So, given that we now agree on the expression for the worldline, do you agree or disagree with my expression for the four-velocity in the standard inertial frame:
[tex]\mathbf u=(\gamma c,\; -\gamma r \omega \; sin(\phi + \omega t),\; \gamma r \omega \; cos(\phi + \omega t),\; 0)[/tex]
where [tex]\gamma=(1-\frac{r^2 \omega^2}{c^2})^{-1/2}[/tex]
 
  • #152
DaleSpam said:
Why should I admit I am wrong when you have shown no evidence to support that assertion? So far the only "error" you have pointed out is that you disagreed with my expression for the worldline. Now we find that it is not, in fact, an error and that you agree with my expression for the worldline in a standard inertial frame.

So, given that we now agree on the expression for the worldline, do you agree or disagree with my expression for the four-velocity in the standard inertial frame:
[tex]\mathbf u=(\gamma c,\; -\gamma r \omega \; sin(\phi + \omega t),\; \gamma r \omega \; cos(\phi + \omega t),\; 0)[/tex]
where [tex]\gamma=(1-\frac{r^2 \omega^2}{c^2})^{-1/2}[/tex]
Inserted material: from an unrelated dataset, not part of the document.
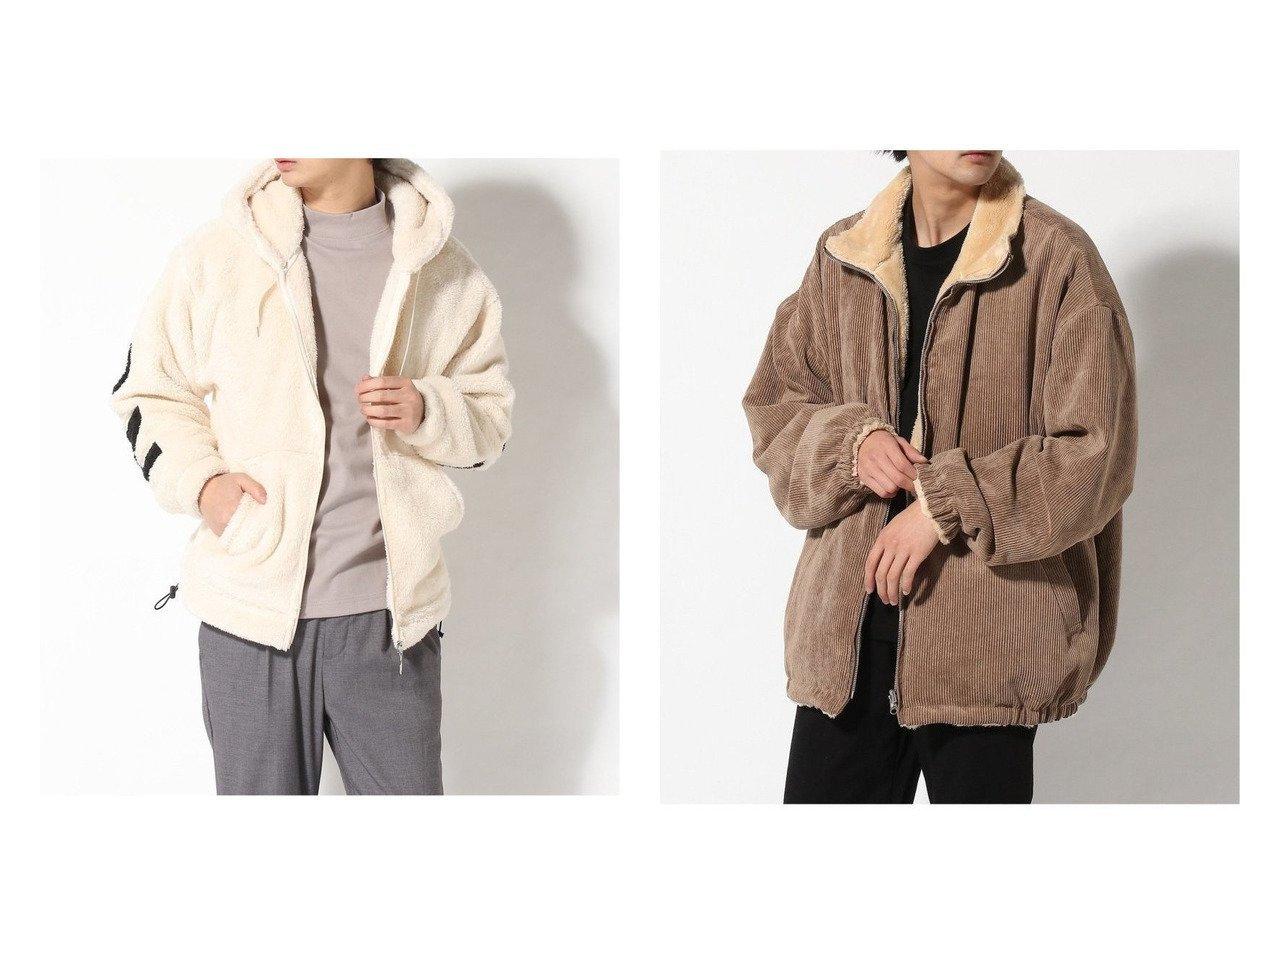 【WEGO / MEN/ウィゴー】のRVコーデュロイボアブルゾン&ストレートラインボアフーディー 【MEN】おすすめ!人気トレンド・男性、メンズファッションの通販 おすすめで人気の流行・トレンド、ファッションの通販商品 メンズファッション・キッズファッション・インテリア・家具・レディースファッション・服の通販 founy(ファニー) https://founy.com/ ファッション Fashion メンズファッション MEN トップス Tops Tshirt Men パーカ Sweats NEW・新作・新着・新入荷 New Arrivals カットソー パーカー モコモコ コーデュロイ 今季 ショルダー シンプル ジャケット トレンド ドロップ 人気 ブルゾン リバーシブル A/W 秋冬 AW Autumn/Winter / FW Fall-Winter |ID:crp329100000018283

I think that I have already told you several times that the error occurs at the last step of your derivation, when you need to use [tex]\gamma=1[/tex]

Another way of looking at it: if you calculate the proper acceleration in RF [tex]\frac{d^2\Theta}{dT^2}=\frac{d^2\theta}{dt^2}[/tex] . Earlier in this thread (post 120), the coordinate acceleration in IF has been found to be [tex]R\omega^2[/tex]. What does this tell you?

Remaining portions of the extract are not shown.